2. Windshields: US Army Research

The NTSB say the US Army generally no longer uses cast acrylic windshield (except for example where it is necessary for an ejection seat to be able to easily break through the canopy).

One U.S. Army study (“UH-1 Ballistic and Bird Impact Test Study,” Report AMMRC CTR 75-7, April 1975) reported on bird strike tests of Bell UH-1 helicopter windshields made of different materials. The UH-1 windshield materials tested included cast acrylic, polycarbonate, and a composite constructed of a layer of polycarbonate bonded to a layer of chemically tempered glass. The report concluded, in part, that the polycarbonate and the polycarbonate bonded to glass both offer far greater bird strike protection than a standard cast acrylic windshield. The report further indicated that a cast acrylic windshield at a cruising speed of 90 knots is incapable of defeating a bird strike, and that the Plexiglas breaks into large fragments that could cause serious injury to the flight crew. Another U.S. Army report (“Design, Test and Acceptance Criteria for Helicopter Transparent Enclosures,” Report USARTL-TR-78-26, 1978) documented a study of the low-energy impact response of a number of different windshield materials. The materials tested included a tempered-glass laminate, a laminate of glass and stretched acrylic, monolithic stretched acrylic, monolithic cast acrylic, and monolithic polycarbonate. The report concluded that the cast acrylic needed to be three times as thick as the stretched acrylic or the polycarbonate to provide a similar level of protection against impact.

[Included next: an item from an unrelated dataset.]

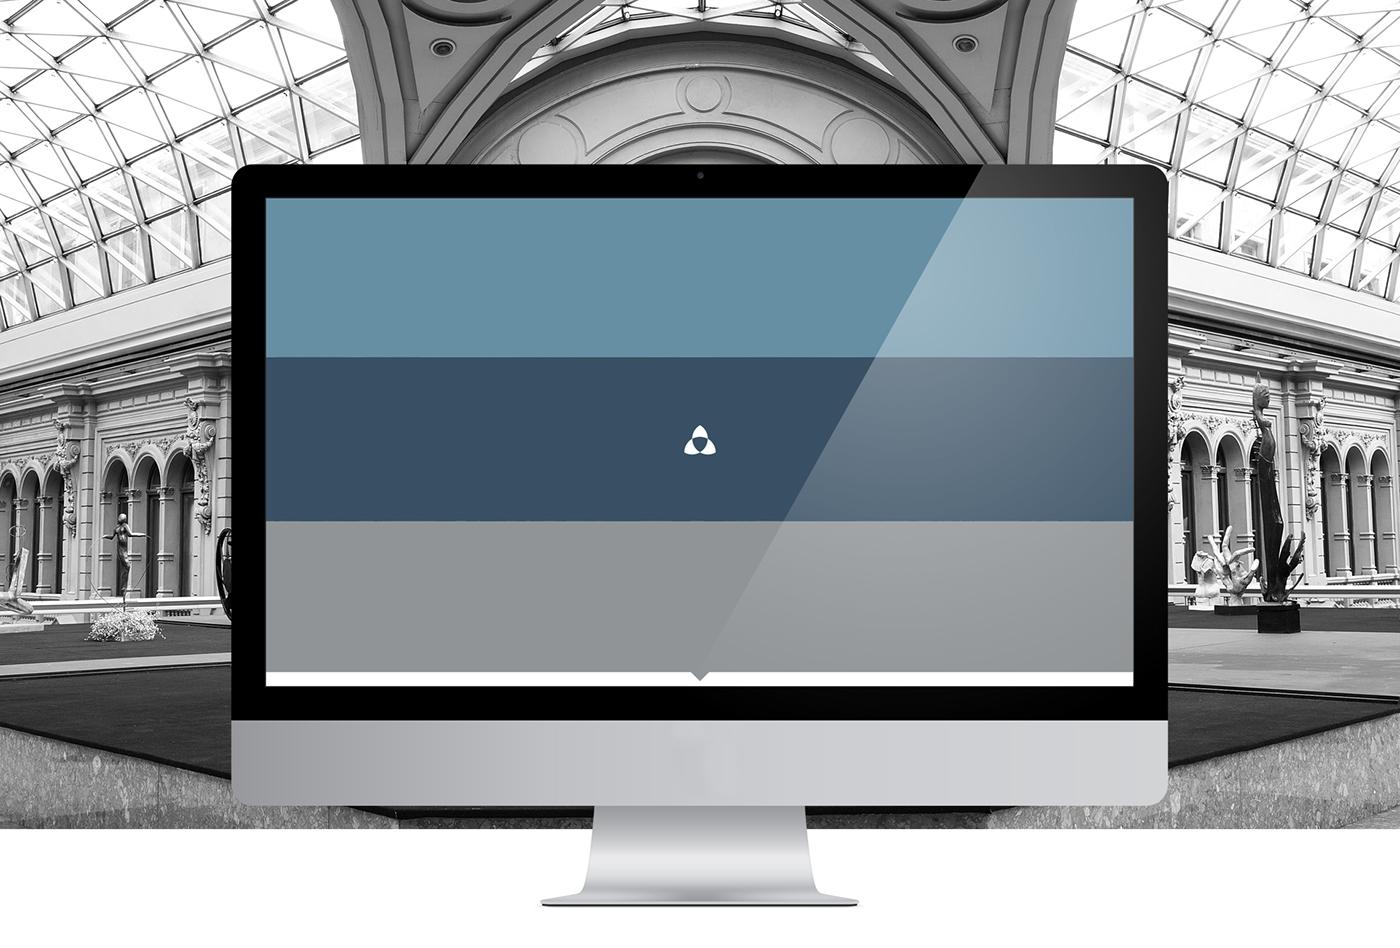 asafyble brand graphicdesign design piacentino Logotype identity Webdesign Web science pharmacy biochemistry legal institutional academic

3. Windshields: The Retrofit Cast Acrylic Windshield

N748P had been retrofitted after delivery with a 0.312 inch monolithic cast acrylic replacement windshields supplied by a third-party manufacturer, Aeronautical Accessories Inc (AAI).  The NTSB say:

Installation and use of the replacement windshields was approved by the FAA under Supplemental Type Certificate (STC) SR01340AT, which was issued to AAI on April 16, 1997. The FAA also issued a Parts Manufacturer Approval (PMA) to AAI on August 3, 1998, for the manufacture of the replacement windshields.

As they were not certified for use in the UK there were no bird strike requirements applied.  The NTSB say:

No records of the tests and analysis have been located by the NTSB or provided to the NTSB by either the FAA or the STC holder, AAI.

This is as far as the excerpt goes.